Теледебаты все-таки перенесли. После тревожной новогодней ночи мэр заболел и, хотя оставался, как он сам говорил, в рабочем состоянии, то есть не сидел дома, тем не менее для выступлений по телевидению находился не в лучшей форме. Однако прошли две недели, ситуация изменилась, конкуренты вовсю выступали на радио, на страницах газет и на телевидении, и откладывать разговор с оппозицией было уже невозможно.
Это действительно была хорошо организованная, сплоченная оппозиция. Участники ее, в лице четырех конкурентов действующего мэра, принадлежали к разным партиям, различным и даже антагонистическим политическим движениям, но против Греча выступали единым фронтом.
Самым удивительным было то, что первую скрипку во всем этом играл незаметный и ничем вроде бы не выдающийся чиновник из мэрии, выдвинувший свою кандидатуру последним, - Игорь Игоревич Матейко.
Греч знал его несколько лет. Матейко был исполнительным и тихим сотрудником. Занимался, в частности, жилищными вопросами, в прошлом считался неплохим инженером - не более того. Теперь же Игорь Игоревич развил невероятно бурную деятельность. Лукин несколько раз очень серьезно предупреждал мэра, что к ситуации, которая складывается вокруг нового конкурента, нужно приглядываться повнимательнее.
Греч сначала отмахивался, но потом, вняв советам Сергея Сергеевича, попросил его заняться изучением каналов, по которым текли деньги для избирательной кампании Матейко.
Оказалось, что даже для такого искушенного в добывании информации человека, как Лукин, выяснить источник изобилия, обрушившегося на штаб избирательной кампании Матейко, было совсем непросто.

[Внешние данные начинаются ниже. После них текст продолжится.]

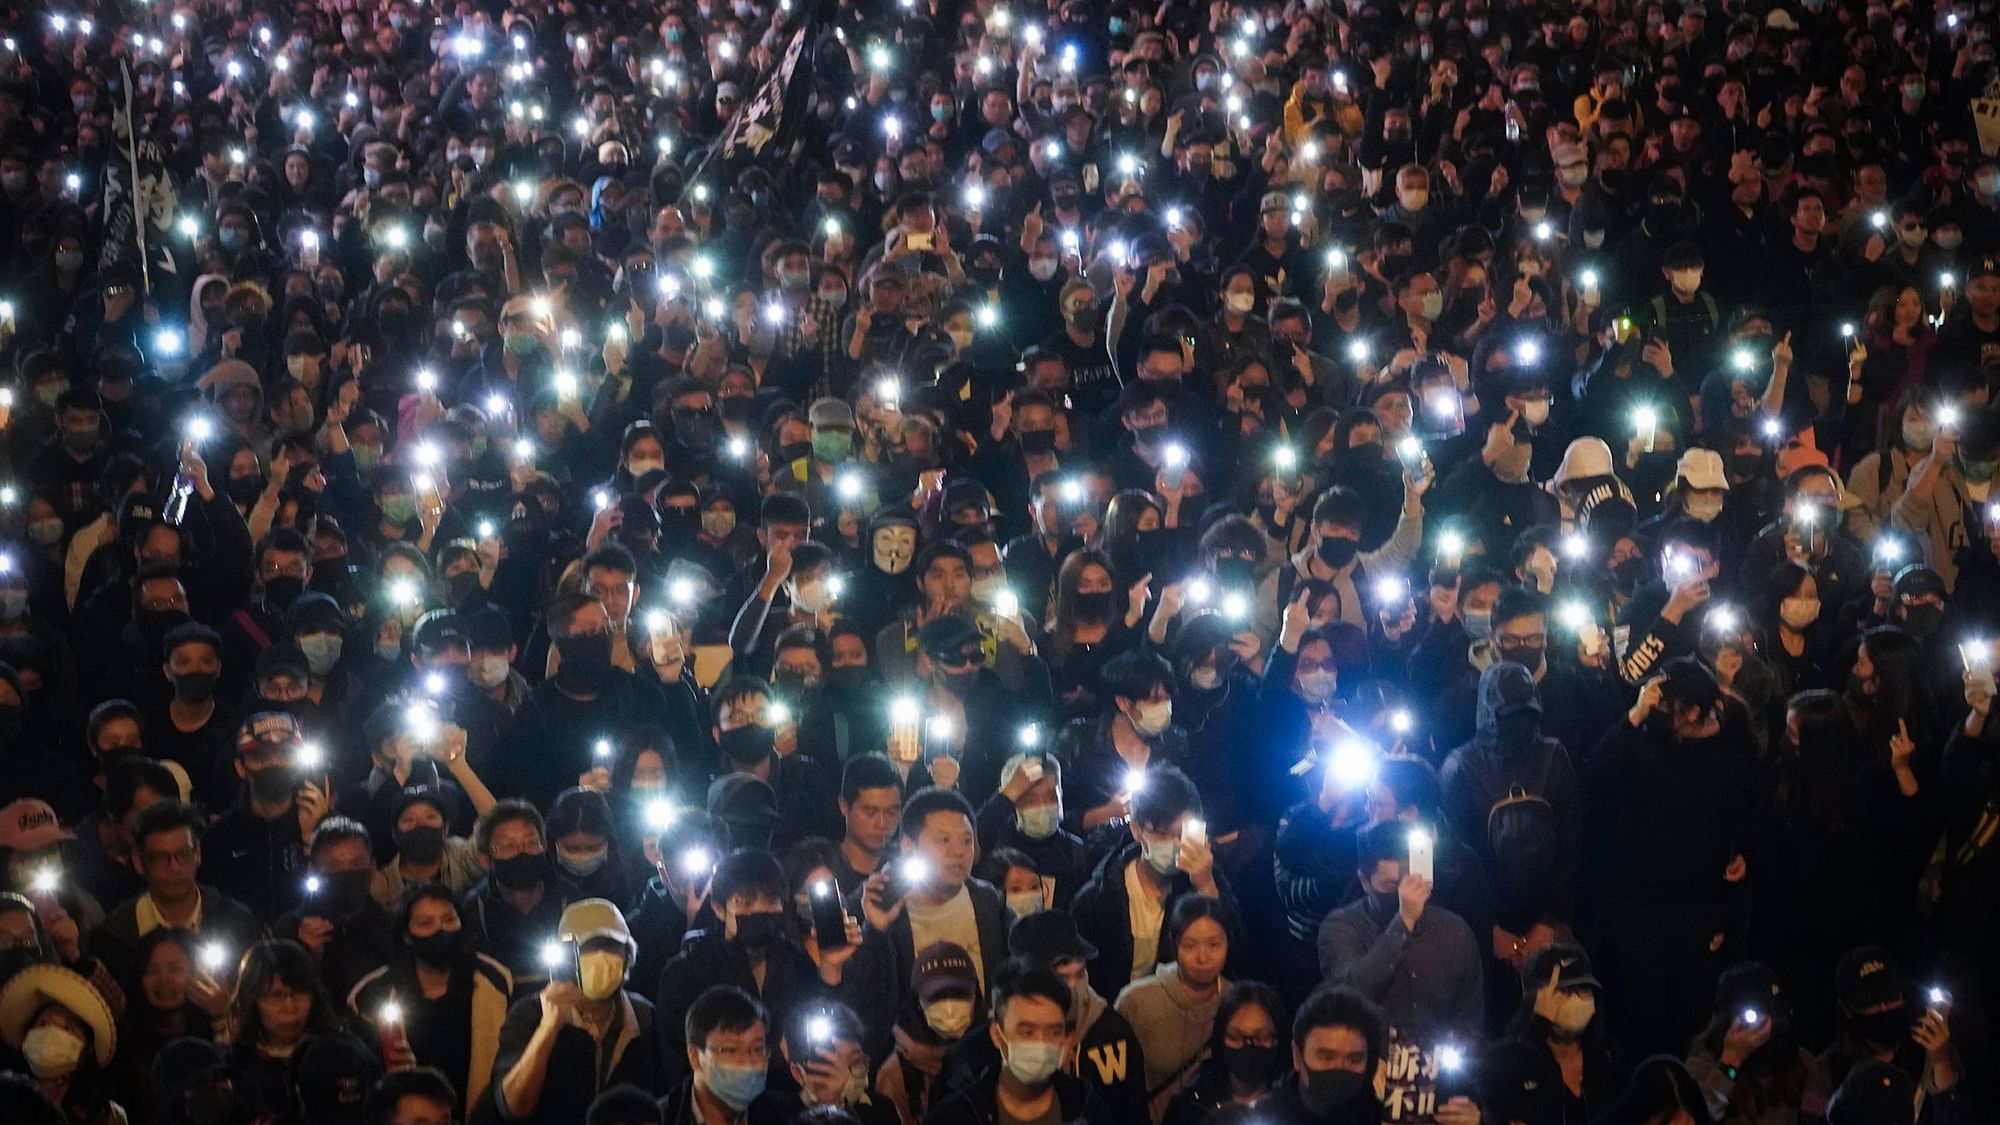 Pro-democracy protesters flash their smartphones lights as they gather on a street in Hong Kong on Sunday.

- Я работаю по всем каналам, - говорил Лукин Павлу Романовичу. - Очень путаная история. Требуется, как минимум, недели две, чтобы вытащить все ниточки. Одно могу сказать - непрост этот Матейко. Вернее, не сам он, а заварушка вокруг его выдвижения. Это самый опасный для нас участок борьбы. Если можно так по-старому, по-партийному выразиться.
- Да можно как угодно выразиться, только суть от этого не изменится. Неужели они всерьез думают, что за какие-нибудь полтора месяца этот Матейко станет народным кумиром?
- Кумиром - не кумиром, но если деньги будут идти с такой же интенсивностью, то в пределах одного отдельно взятого Города он может добиться определенной популярности.
Лукин, как и в большинстве случаев, оказался прав. К тому дню, когда теледебаты наконец-то состоялись, лицо Матейко уже смотрело на Греча, Журковского, Лукина, Суханова, на всех горожан с бесчисленных плакатов, которыми был заклеен весь Город.
Не проходило дня, чтобы в какой-нибудь телепрограмме не мелькнул новый кандидат, не дал короткого, в несколько фраз, интервью. Он краснел, стеснялся камеры, но высказывался весьма занятно. Его спрашивали о предвыборной программе, а он, оглядываясь по сторонам, говорил, что в этом дворе давно не меняли трубы. Журналисты пытались выяснить его политическое кредо, а объект их внимания бурчал что-то про ремонт крыши ближайшего дома.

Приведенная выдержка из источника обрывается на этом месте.